_Data section_
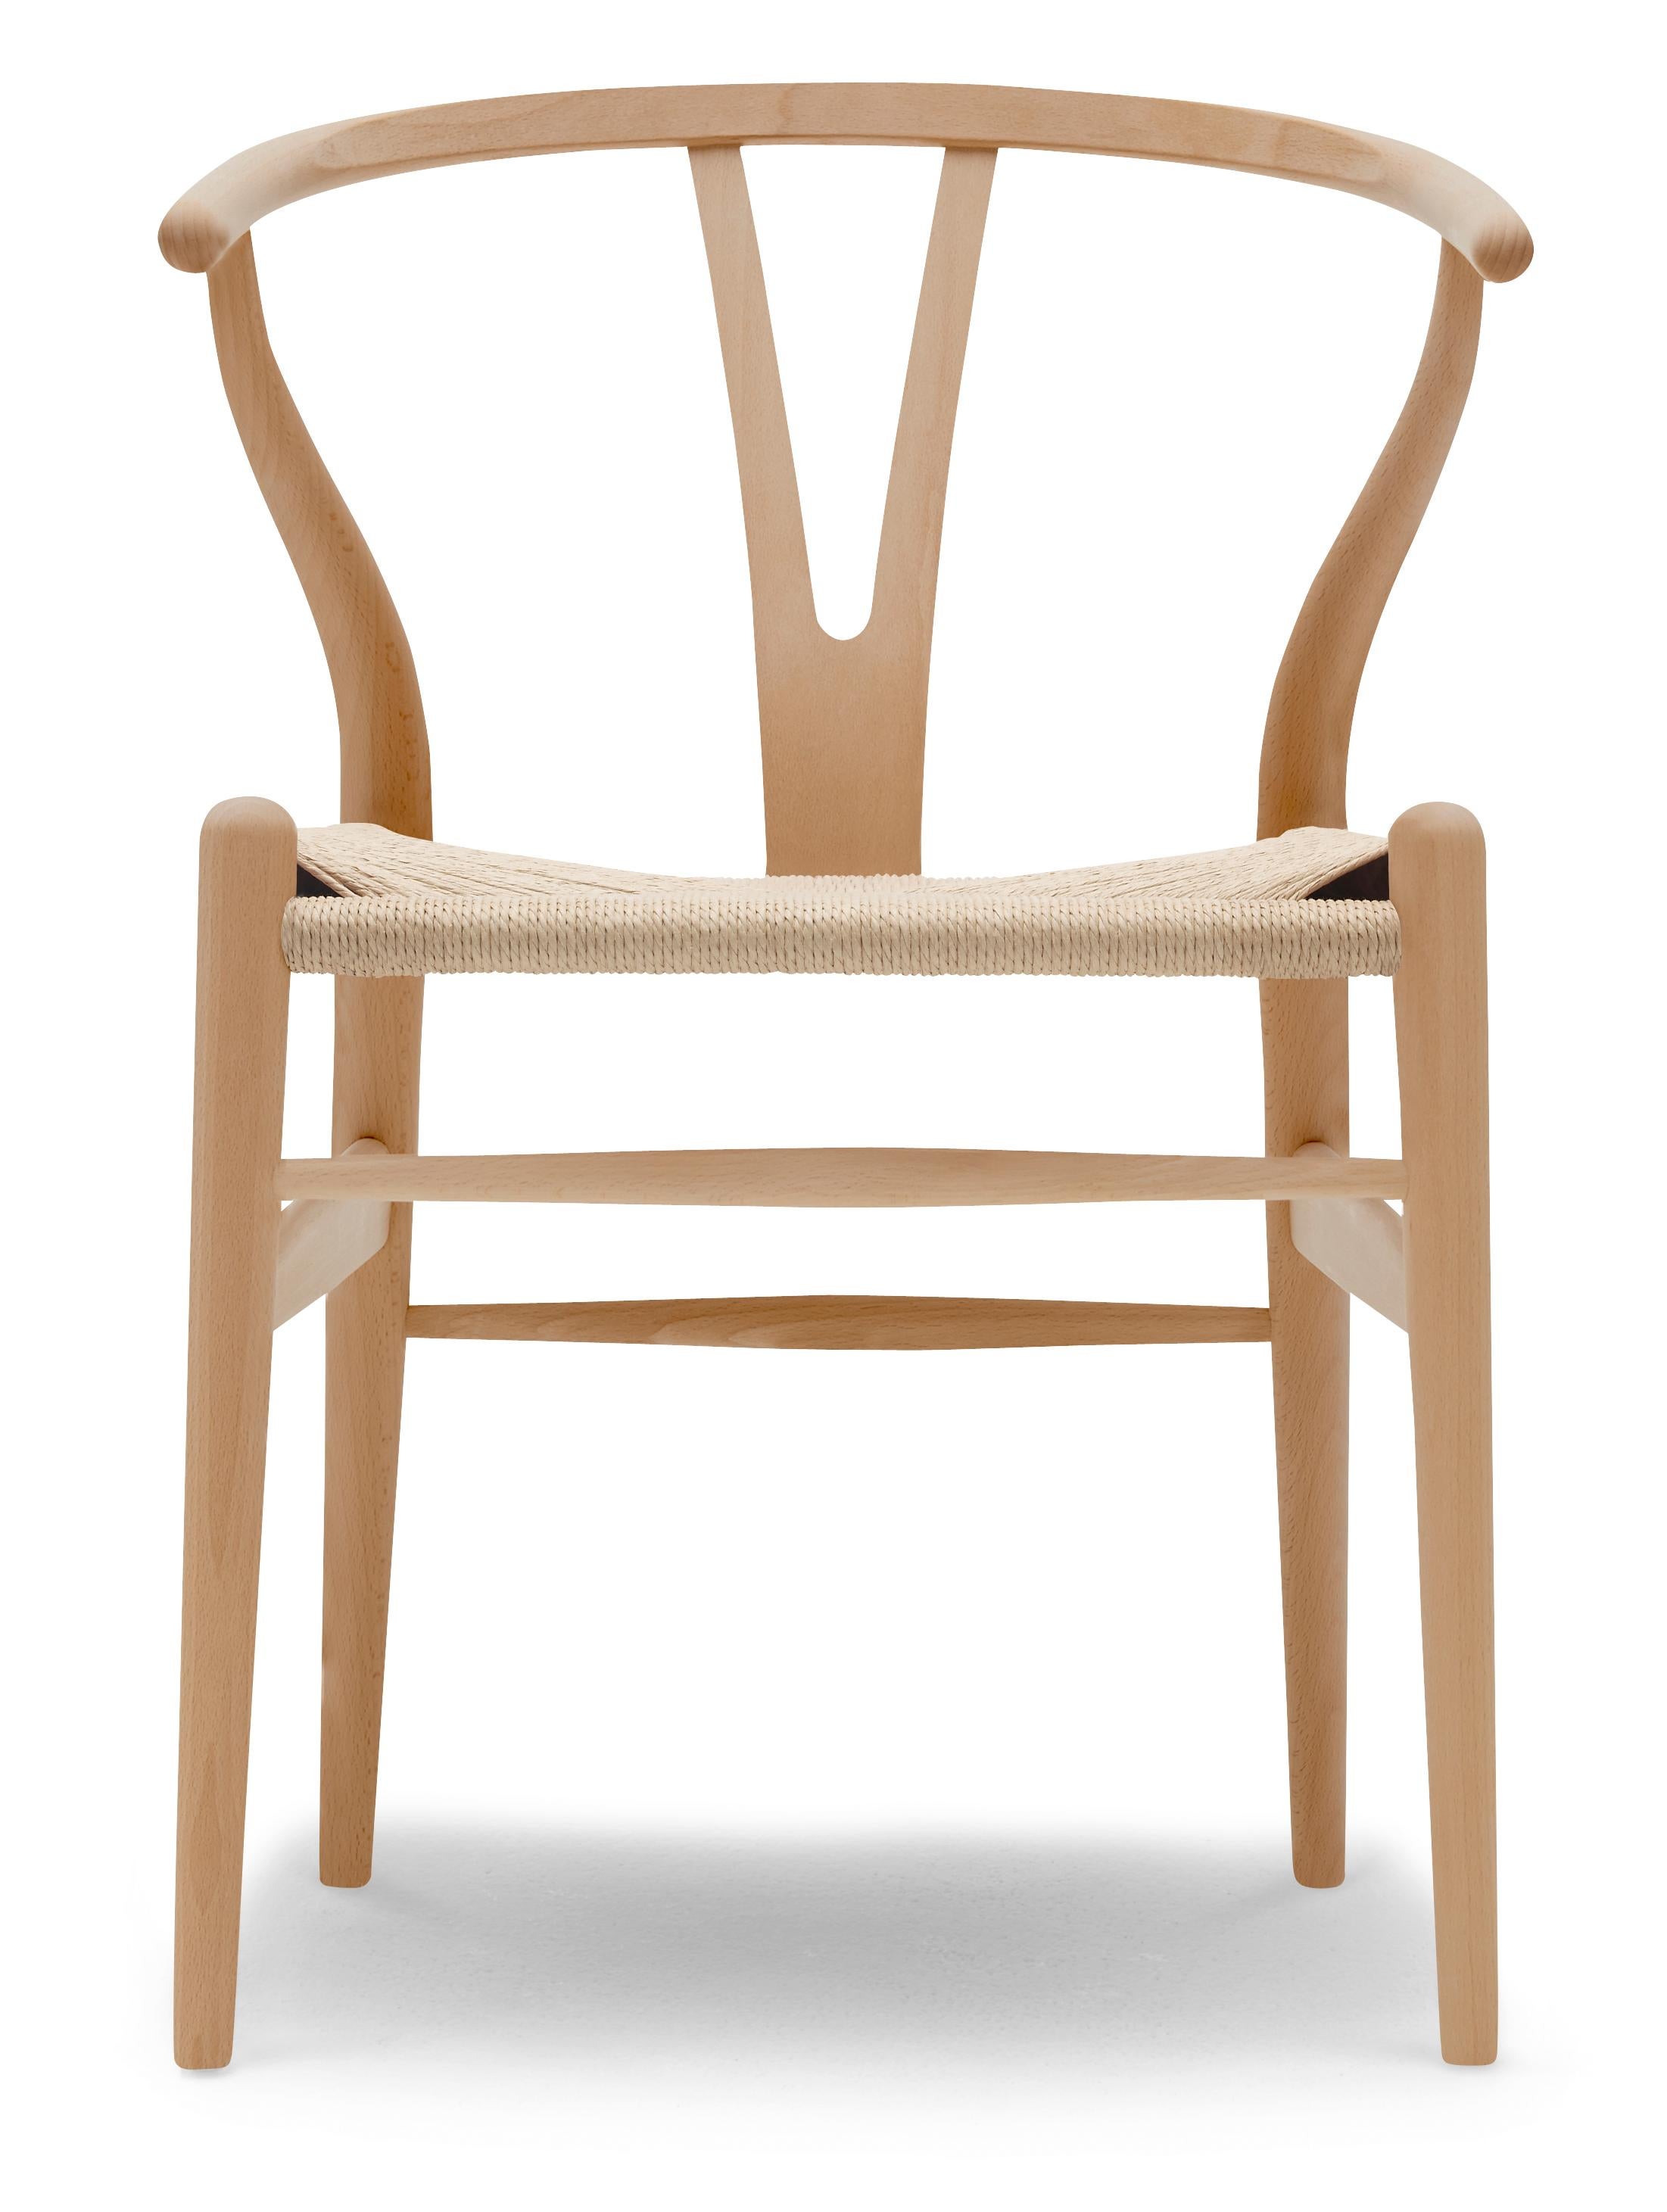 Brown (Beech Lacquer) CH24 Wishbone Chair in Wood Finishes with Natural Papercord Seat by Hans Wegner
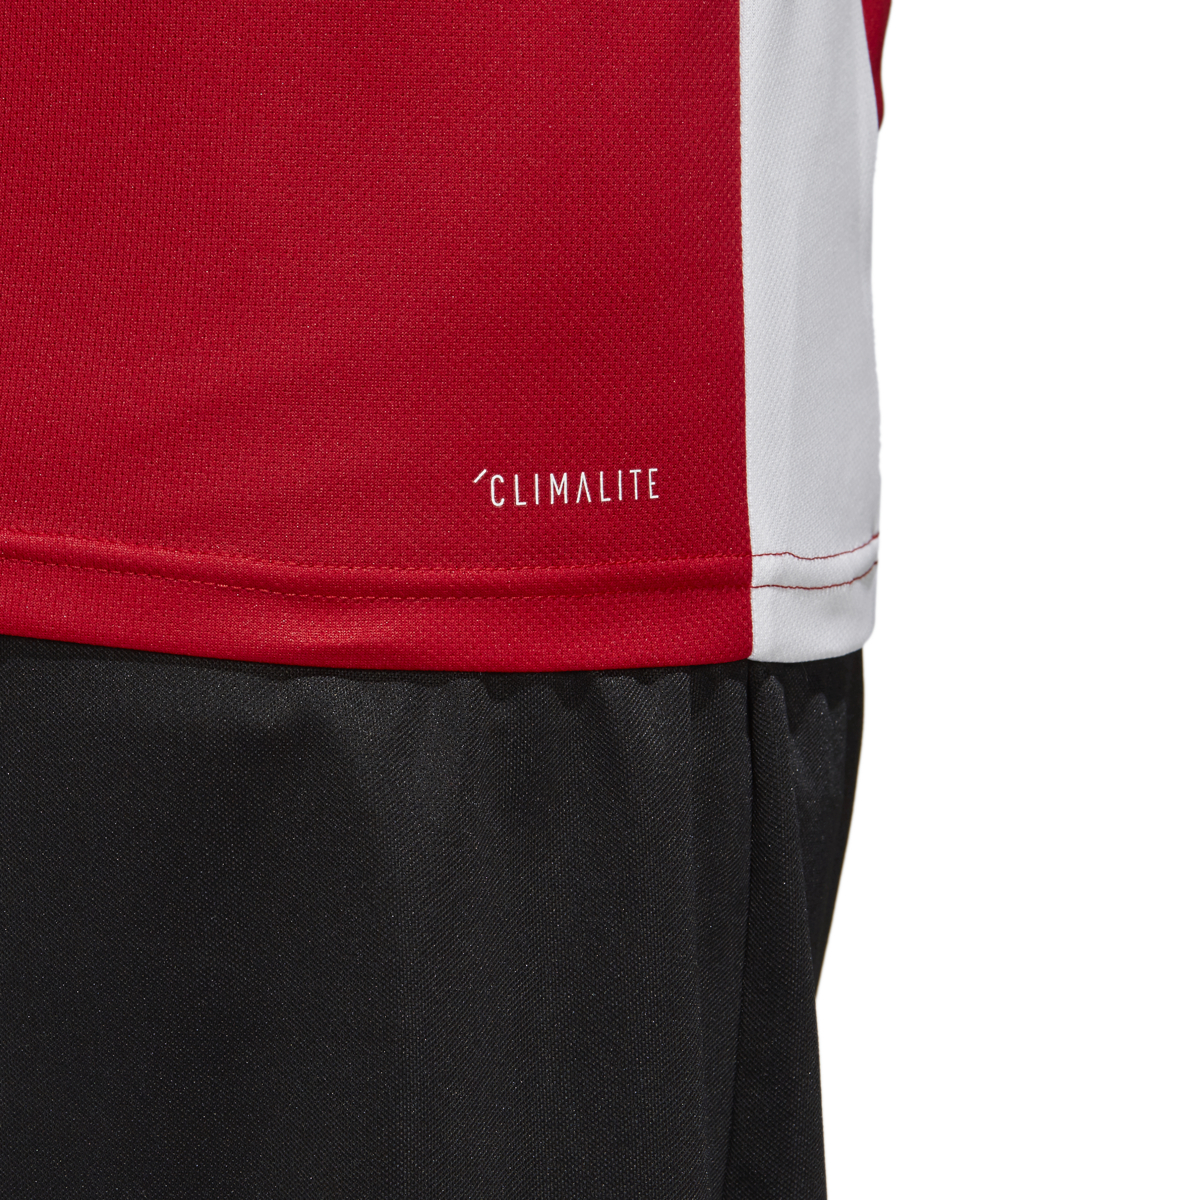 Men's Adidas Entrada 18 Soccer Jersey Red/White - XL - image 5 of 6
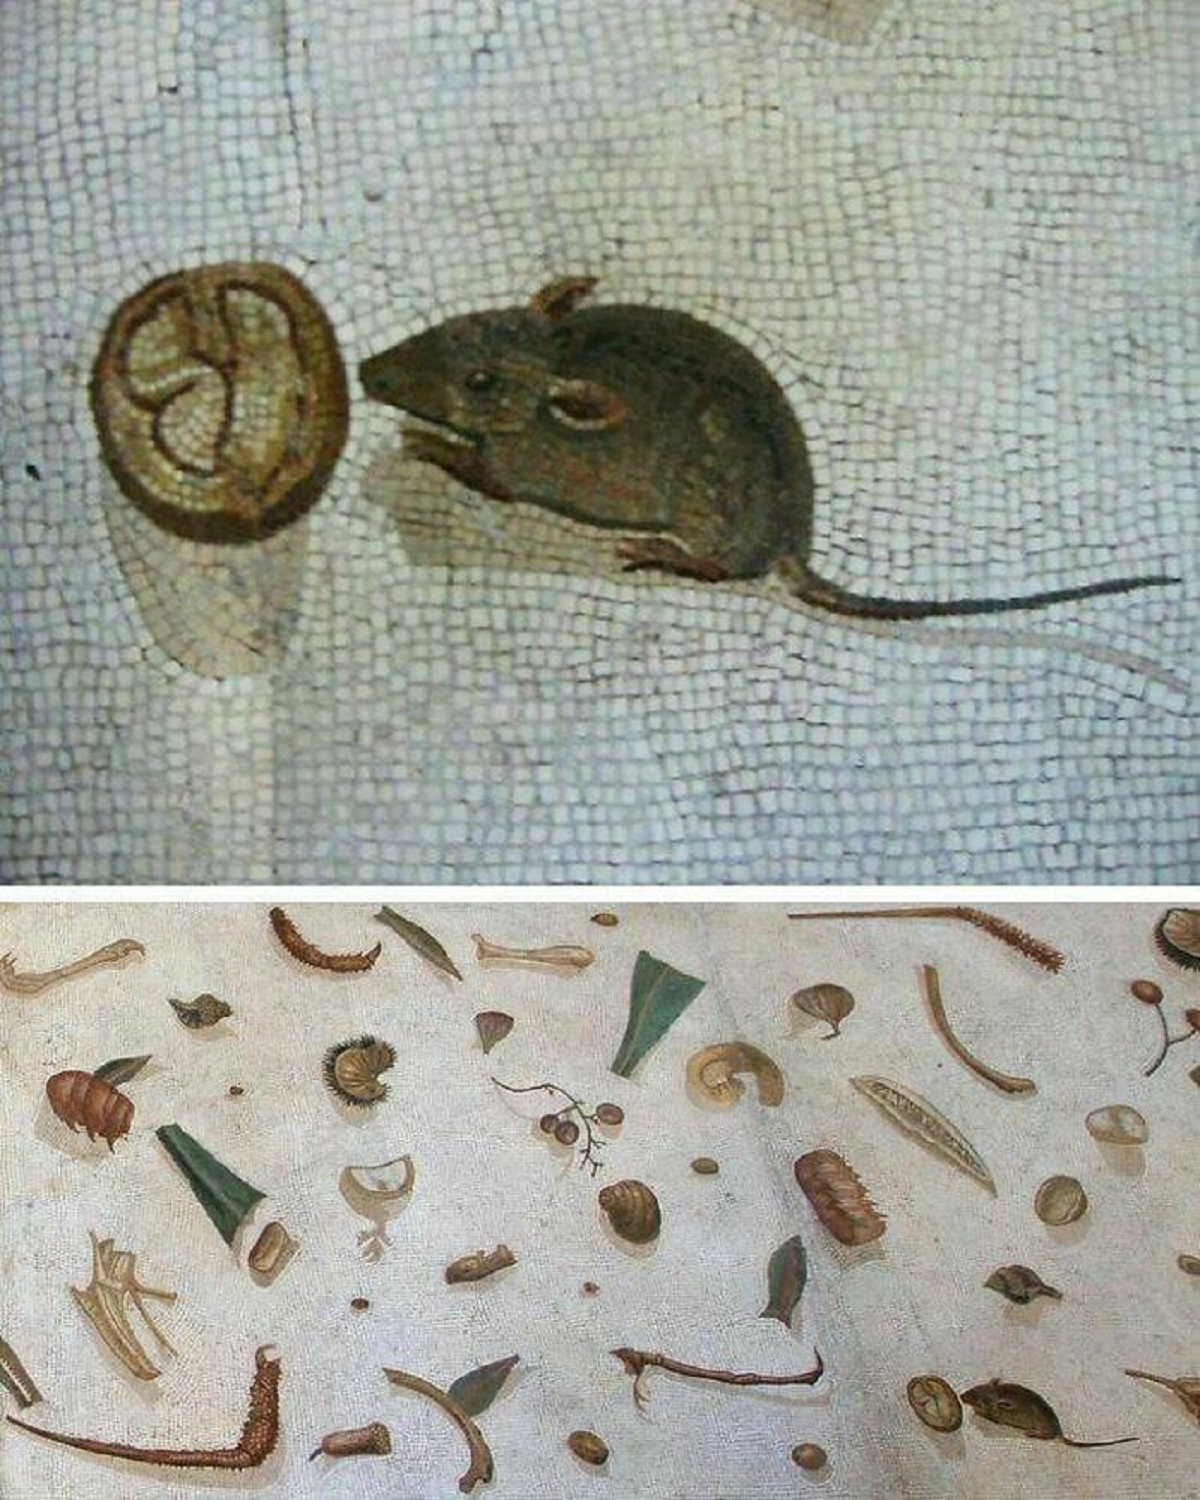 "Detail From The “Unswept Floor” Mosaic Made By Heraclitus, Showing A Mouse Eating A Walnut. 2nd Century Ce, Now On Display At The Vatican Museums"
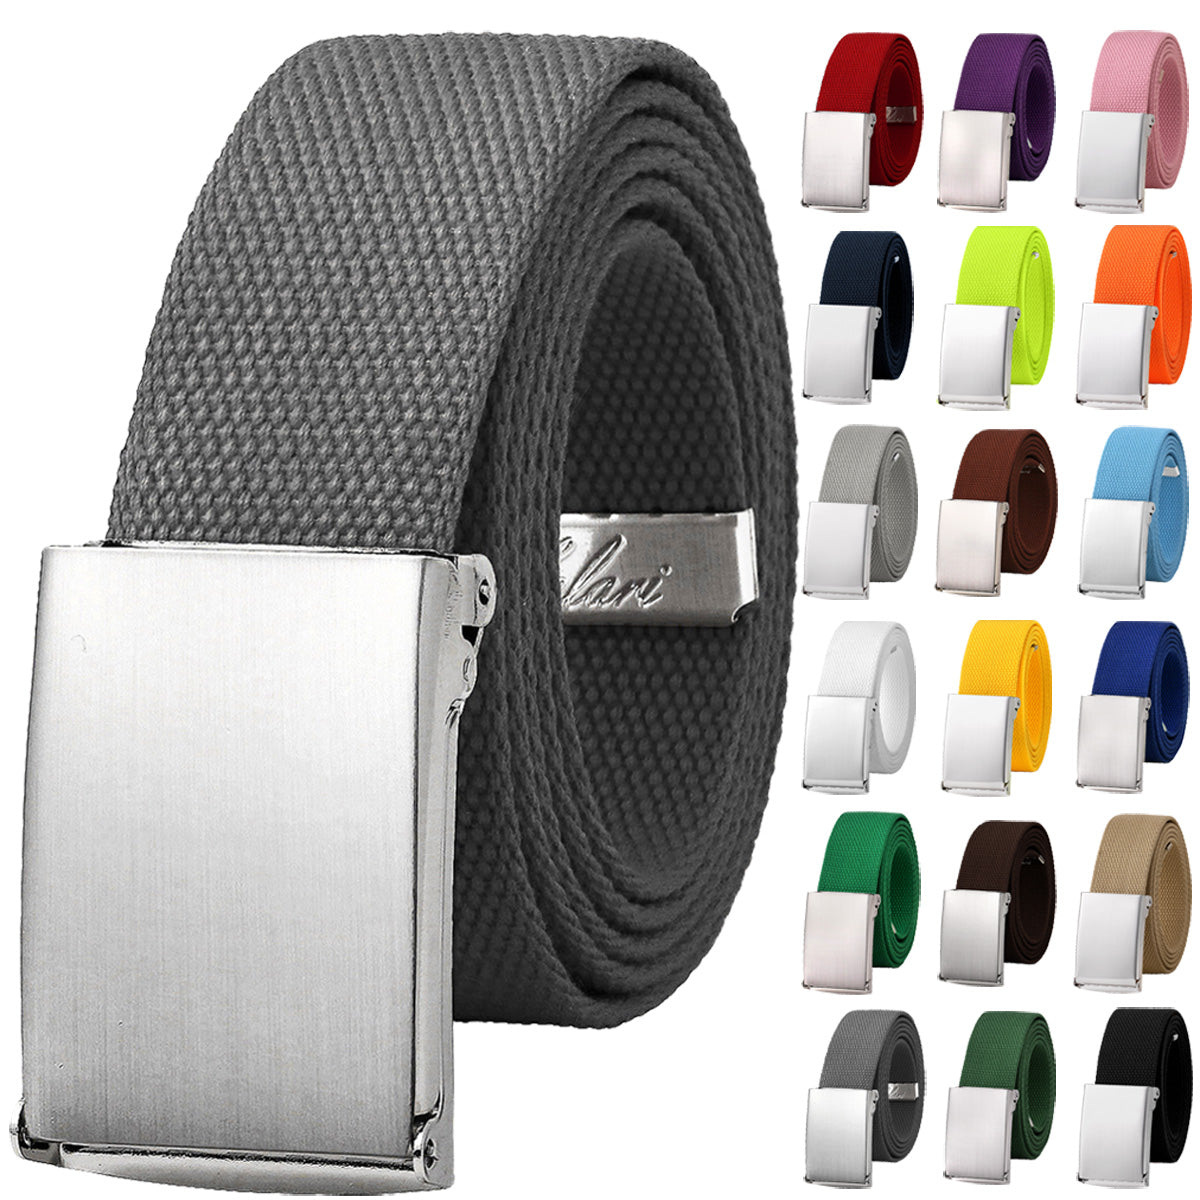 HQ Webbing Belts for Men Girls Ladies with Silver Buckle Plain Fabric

_The task_
Give the data above again, exactly, with every picture removed.

_Finished task_
 Brown (Beech Lacquer) CH24 Wishbone Chair in Wood Finishes with Natural Papercord Seat by Hans Wegner
 Men's Adidas Entrada 18 Soccer Jersey Red/White - XL - image 5 of 6
 "Detail From The “Unswept Floor” Mosaic Made By Heraclitus, Showing A Mouse Eating A Walnut. 2nd Century Ce, Now On Display At The Vatican Museums"
 HQ Webbing Belts for Men Girls Ladies with Silver Buckle Plain Fabric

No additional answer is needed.